Once your device it in it feels stable and well held. Even when I was using the Alldock as a stand and actively tapping on the screen the whole unit felt stable and well weighted.
It is accessible to anyone with a visual impairment, including the blind and those who experience visual symptoms, like photophobia (light sensitivity) or colour blindness. Once setup the cable heads can be held in place inside the top tray and can therefore be easier to plug into the tablet or phones. The one exception is the internal blue LED which may bother some people as it cannot be switched off but I found a folded piece of black paper slipped into the right place covered it up extremely well.

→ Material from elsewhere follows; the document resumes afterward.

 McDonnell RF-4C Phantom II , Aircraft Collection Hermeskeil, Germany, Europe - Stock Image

It is highly accessible to anyone with a severe hearing impairment, including the deaf and those who experience auditory symptoms, like tinnitus or hyperacusis (sound sensitivity). The Alldock has no built in speakers, microphone or any other type of sound generation and the powered USB hub is totally silent with no hums or whines.
Input and touch
Once setup the Alldock is accessible to anyone with a mild upper body impairment and those who experience symptoms that affect their hands, wrists and shoulders, like a tremor, reduced dexterity and precision or fatigue. It does require the ability to plug a cable into your device and then settle the device into a slot which those with moderate problems will find difficult. I have a tremor in one of my hands and at times where it was stronger, I had problems plugging in.
The Alldock has no controls, readout or adjustments – once setup it’s on and runs until you unplug it.

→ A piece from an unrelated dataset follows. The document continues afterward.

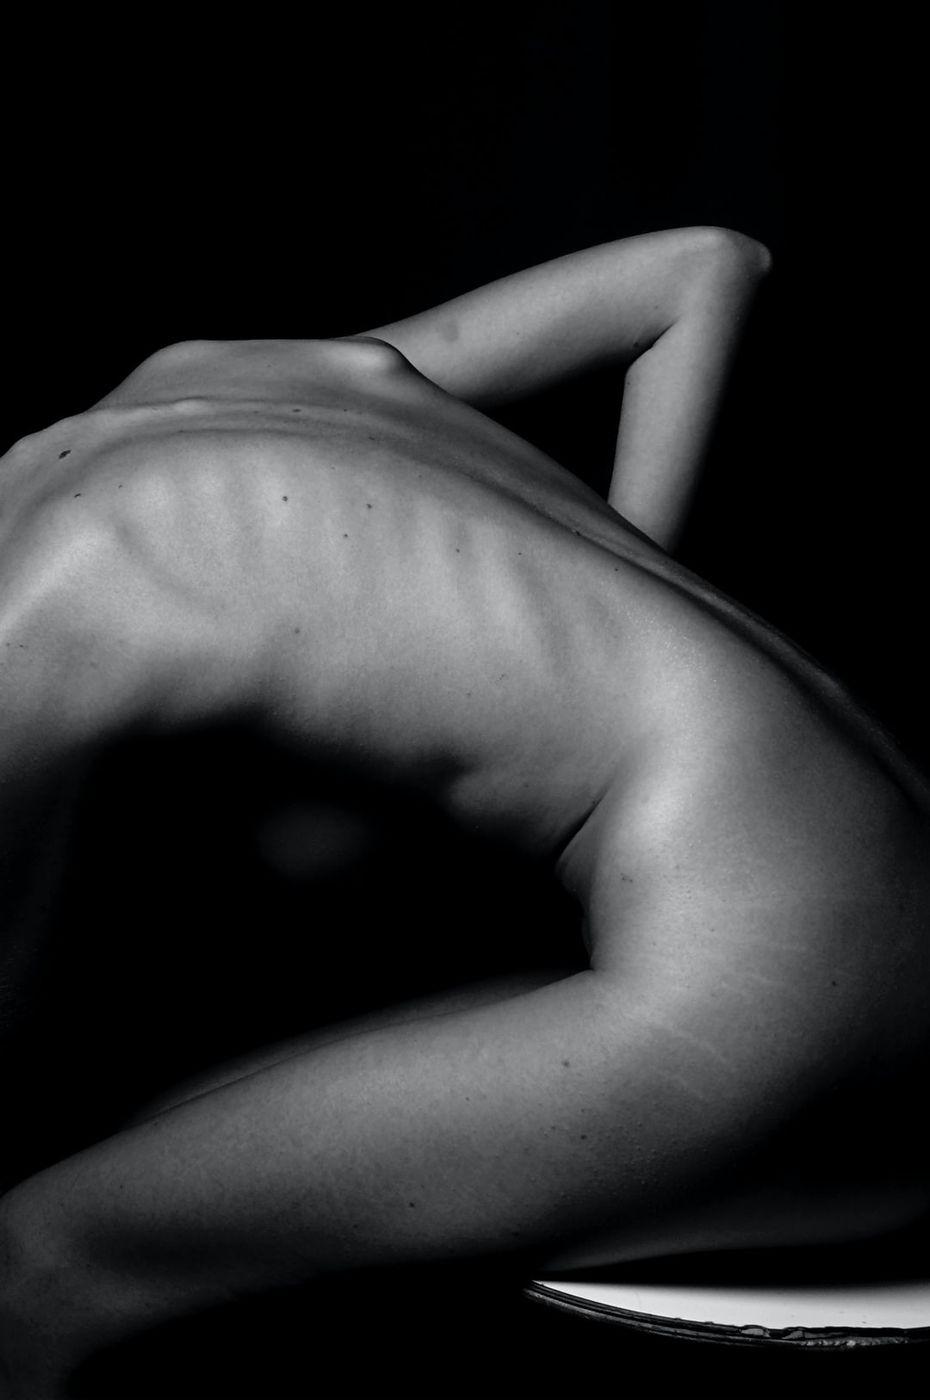 "Photo by <a href=""https://unsplash.com/@emilianovittoriosi?utm_source=magma&utm_medium=referral"">Emiliano Vittoriosi</a> on <a href=""https://unsplash.com/?utm_source=magma&utm_medium=referral"">Unsplash</a>"

It is accessible to anyone with a mild or moderate cognitive impairment, including those with a learning disability like dyslexia those who experience cognitive symptoms, like problems with memory, concentration, planning and organization.
Let’s get this out the way at the beginning. The Alldock is not the cheapest way to charge your devices. It’s not even the cheapest integrated dock or the cheapest fast charger. What it is, is a very fast integrated solution for charging your devices that works well as a stand and looks great on your desk or in your house or office.
To get the most out of it you need to have multiple devices that need charging quickly. That might sound unusual but start with a tablet, phone and a camera and you’re already a long way there. I’d recommend it for anyone who spends a lot of time with multiple devices and wants a simple, integrated fast way to charge them. The ability to pick the size and number of devices you can charge and change the material to match your setup are very appealing and the build quality is such that it will last years. Highly recommended.
The review is based on the Classic small version of the Alldock kindly provided by Alldock.